Infectée par la Covid-19 en octobre 2021, Justine Lafontaine subit encore durement les séquelles de la maladie. « Après les premiers symptômes, j’ai eu des courbatures. Ces douleurs ne sont pas parties malgré la prise de calmants. Quand j’ai été testée positive à la Covid-19, j’ai dû prendre d’autres médicaments en plus de ceux de l’hôpital », explique-t-elle.
Plusieurs mois après, les douleurs sont toujours présentes et elle doit suivre un traitement à l’hôpital à cause de cela. Toujours très active à 63 ans, elle souligne qu’elle ne peut plus faire autant de travaux domestiques qu’avant. « Les tâches ménagères que je faisais en trois heures me prennent désormais une journée. Je dois aussi me reposer de temps en temps. Je n’ai plus le même punch », dit-elle.

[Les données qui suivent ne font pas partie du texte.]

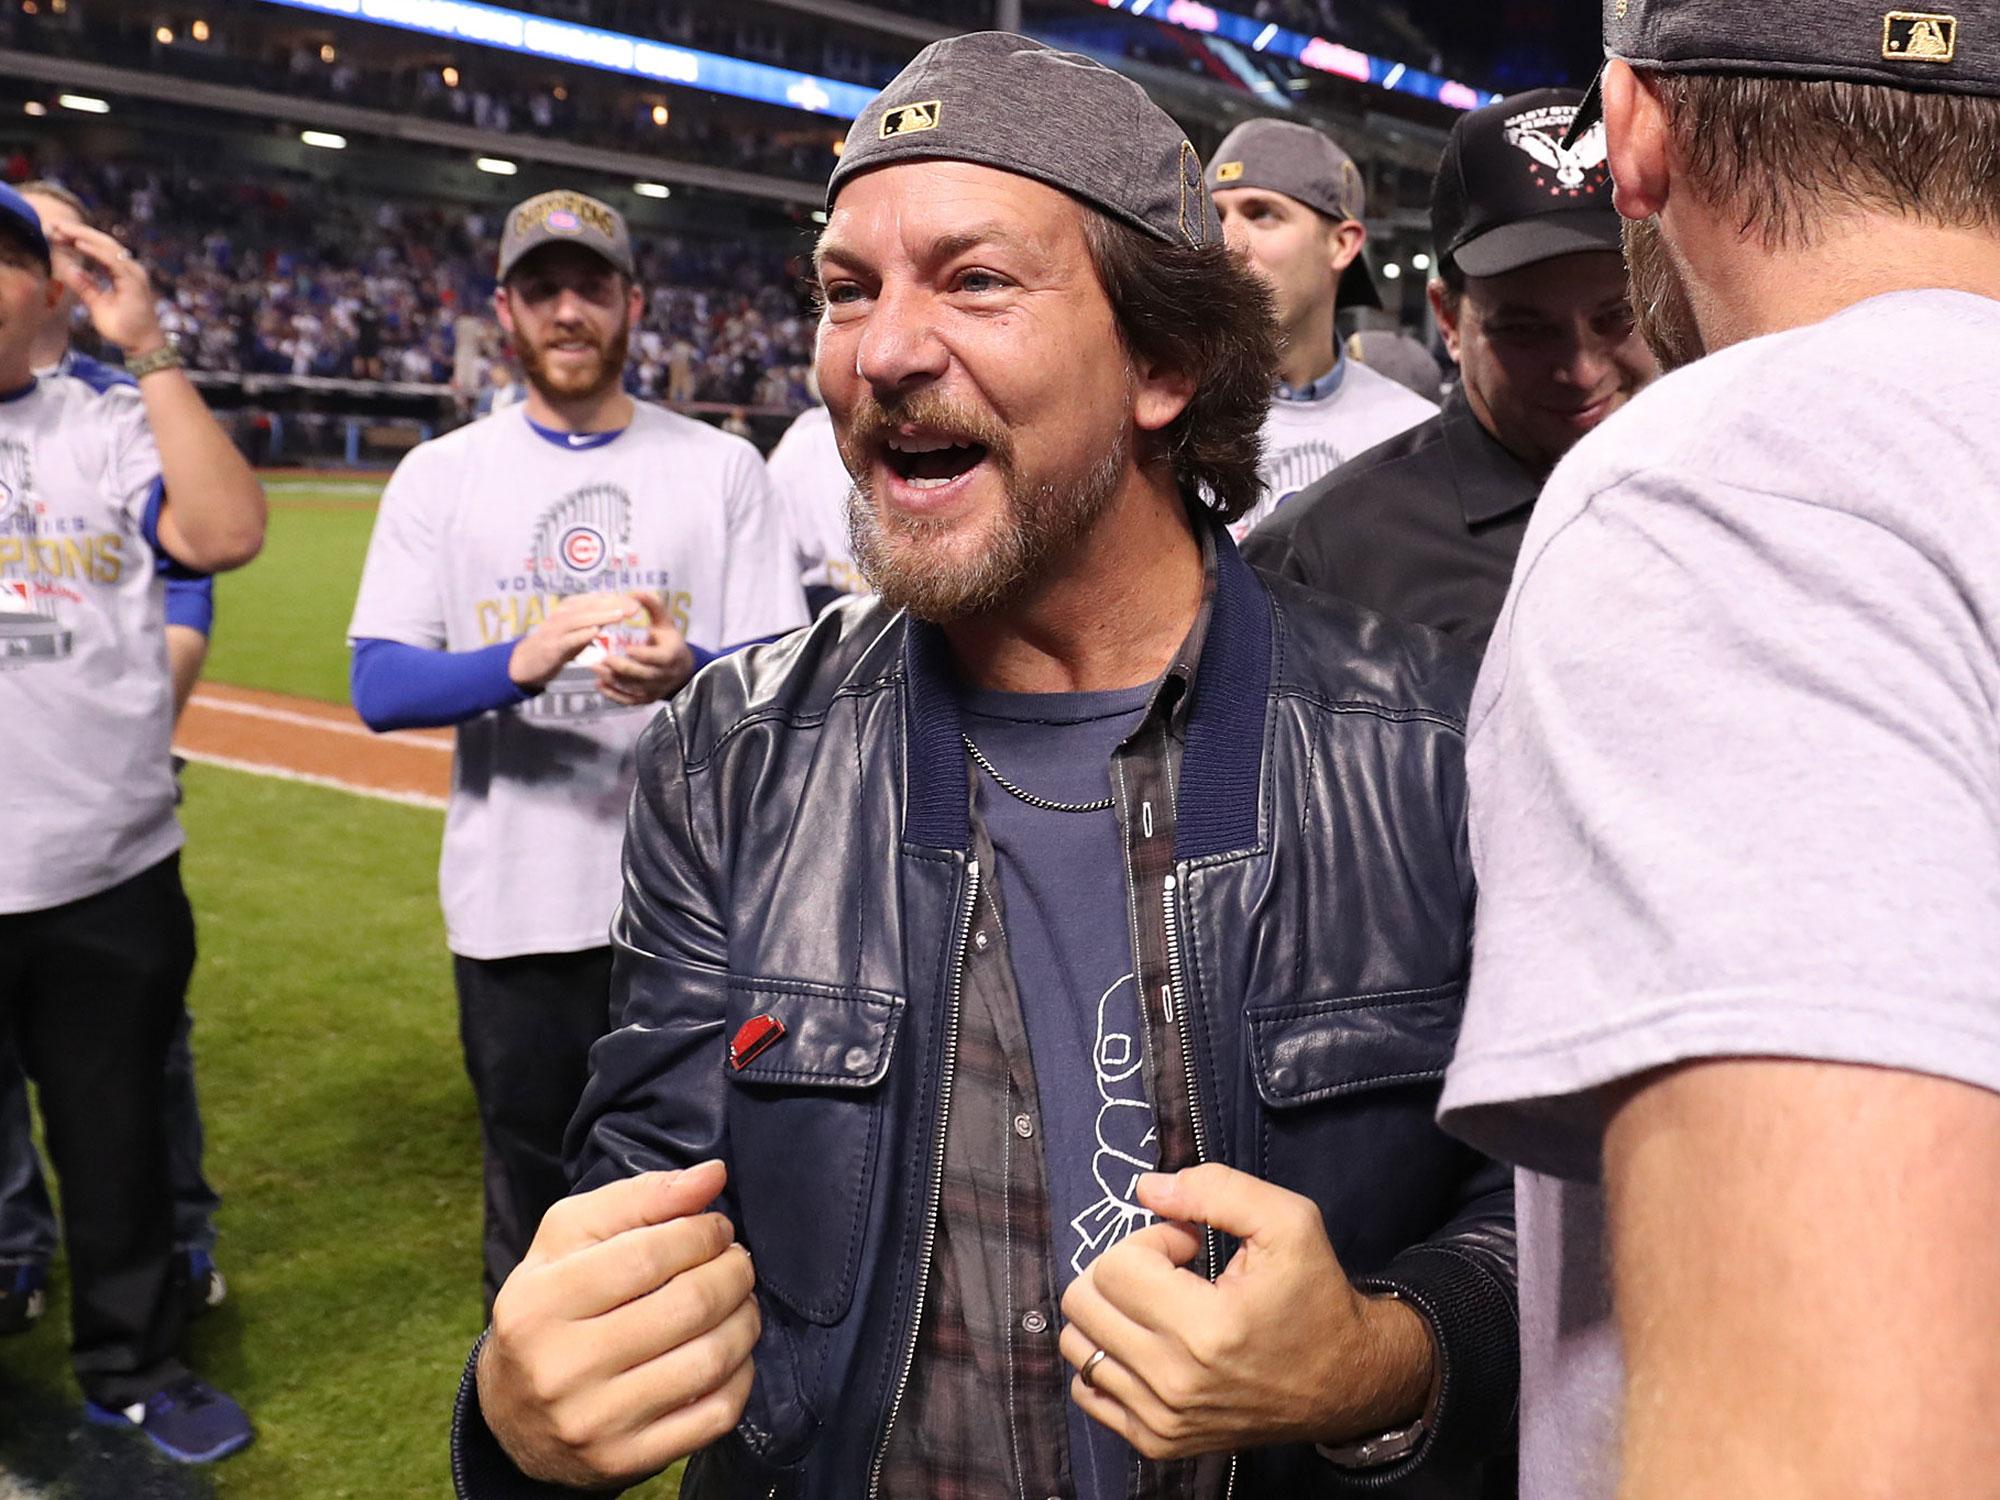 Eddie Vedder, Chicago Cubs fan
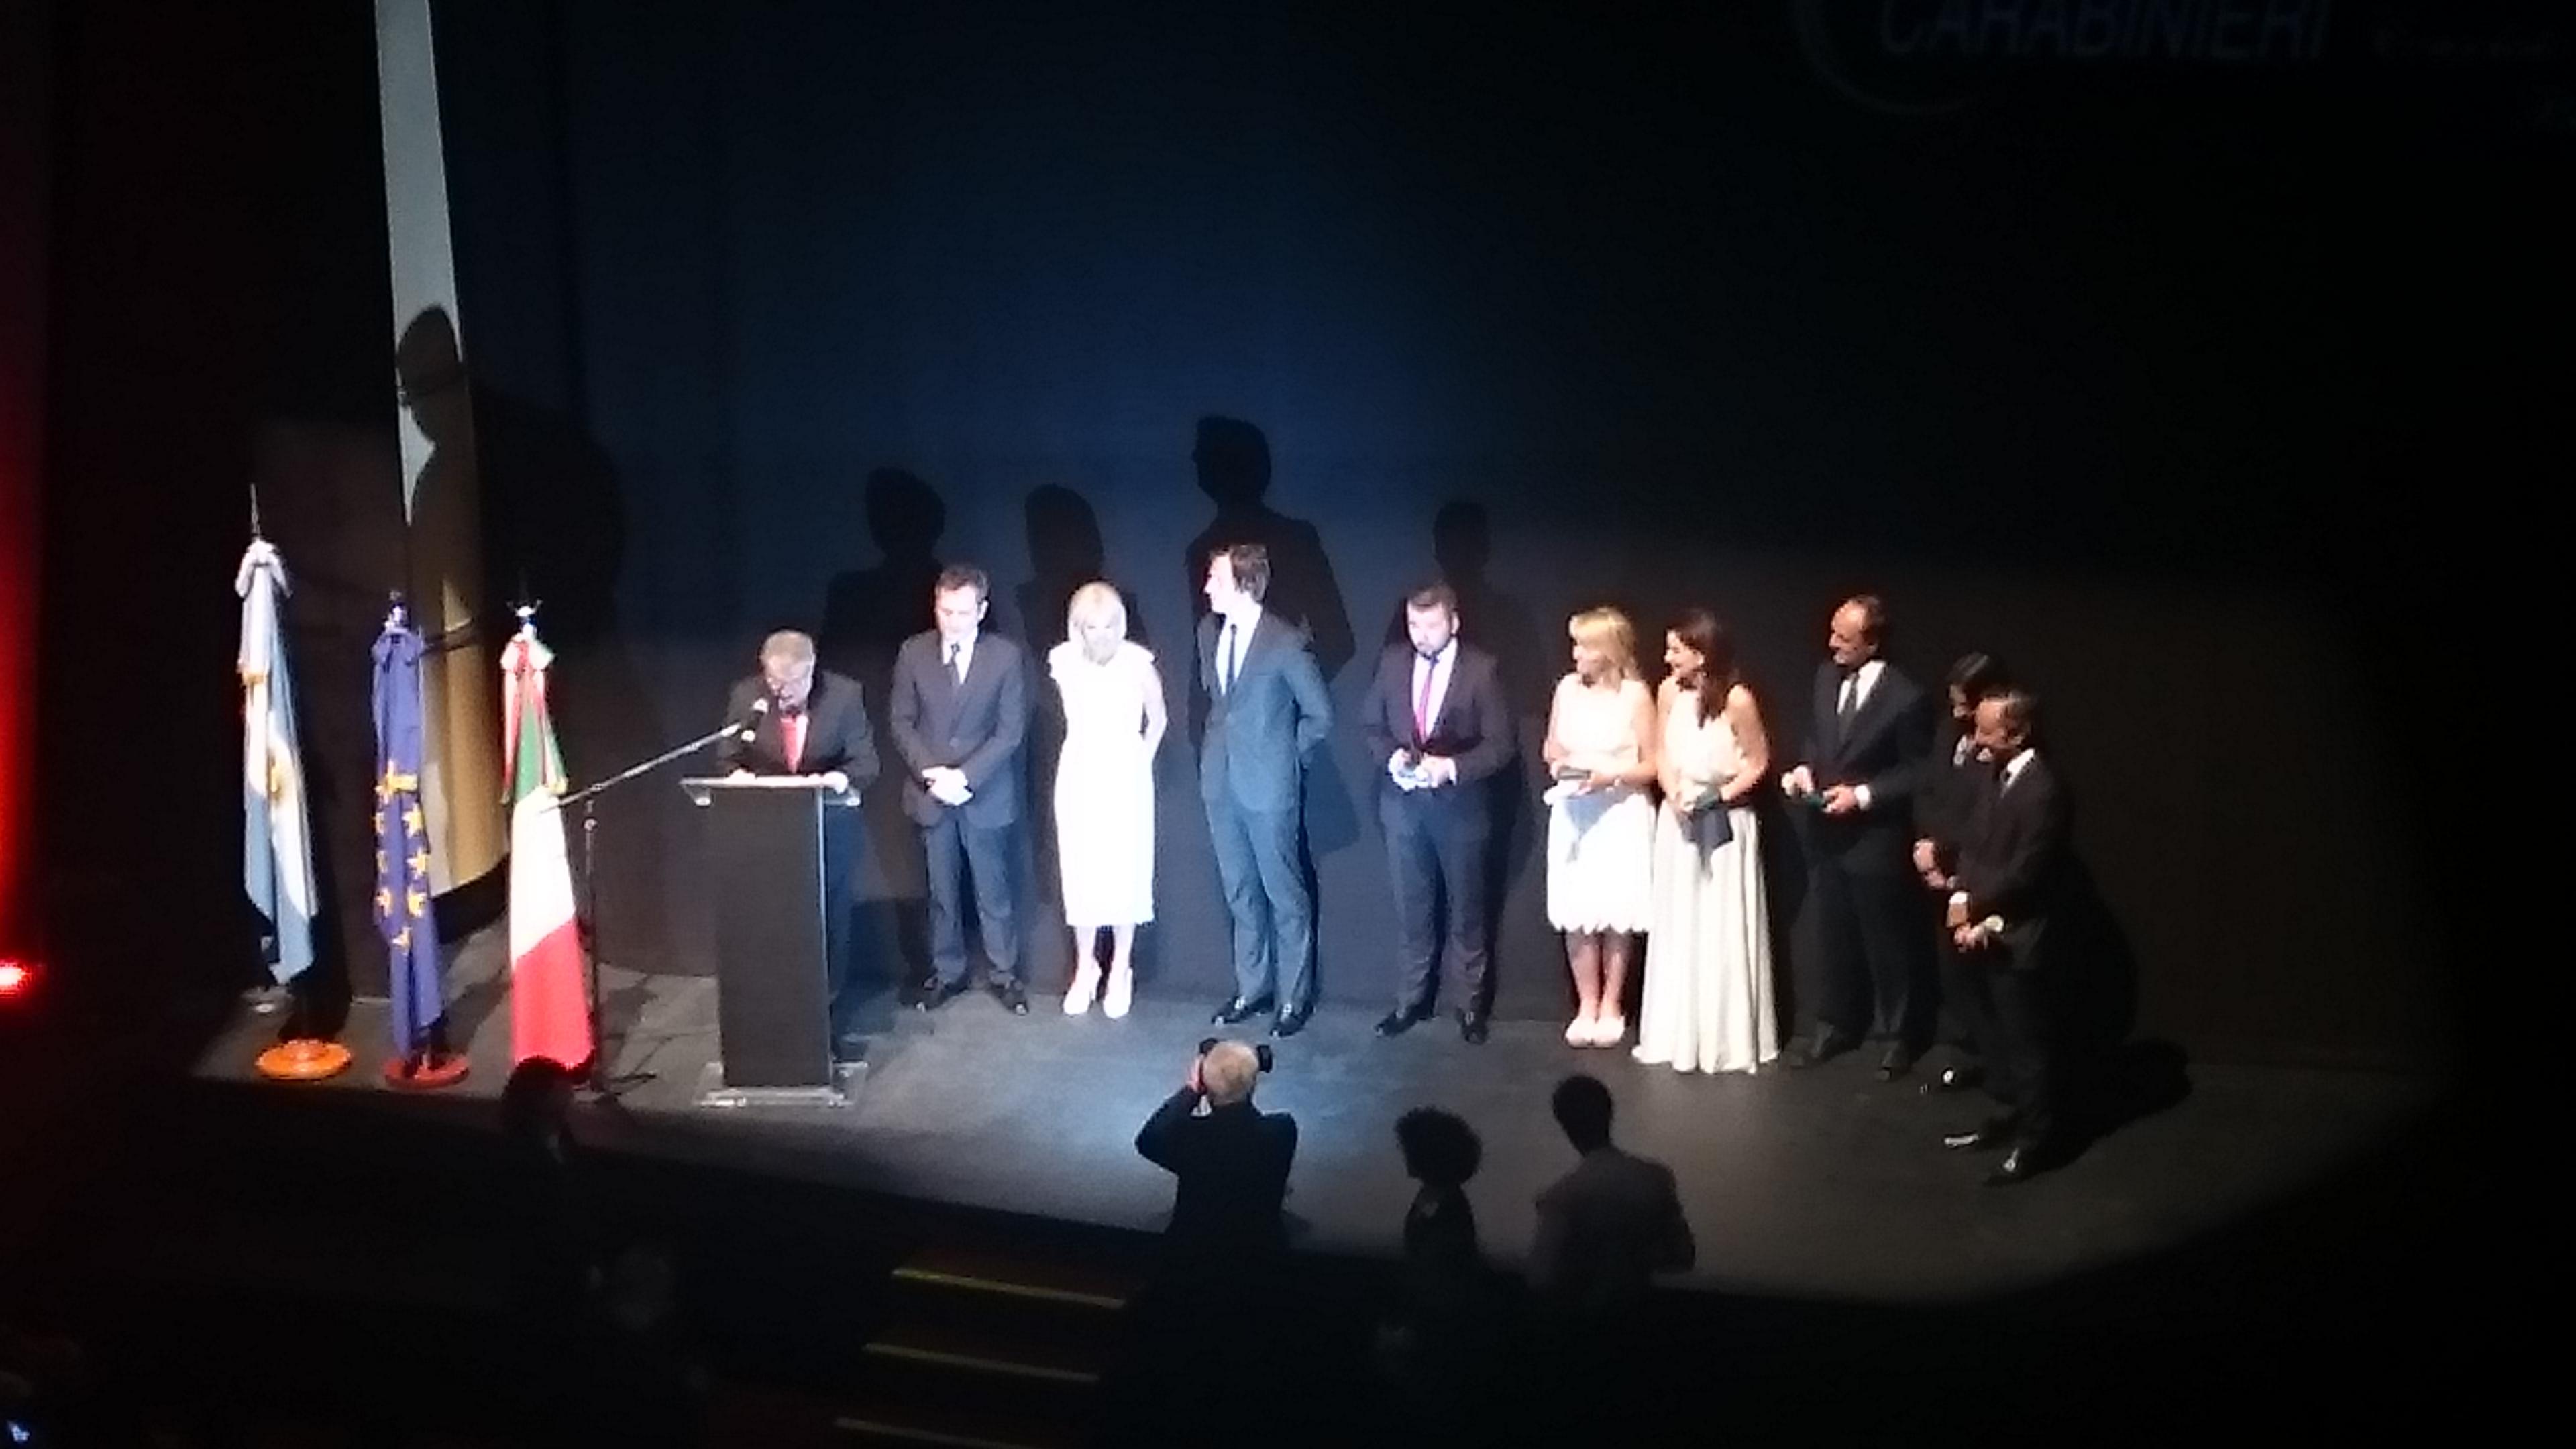 La ambasciatrice teresa Castaldo assieme ai premiati con l'Ordine della Stella d'Italia.

À l’hôpital, on lui a dit que c’était sans doute dû à son âge. Mais elle est persuadée que ce sont les séquelles de la Covid-19. « Quand j’ai eu le chikungunya, j’ai pu faire les tâches ménagères sans problème. Depuis la Covid-19, c’est plus difficile. Il y a des jours où je ne peux rien faire du tout », souligne-t-elle.
Justine Lafontaine se dit peinée de se retrouver dans une telle situation. Elle a même perdu une certaine autonomie. Elle ne prend plus que très rarement l’autobus car elle a du mal à monter et descendre du véhicule. Et quand les douleurs la tenaillent, elle dit éviter autant que possible de prendre les calmants pour ne pas en devenir esclave : « Je préfère me reposer et passer un gel pour apaiser la douleur. »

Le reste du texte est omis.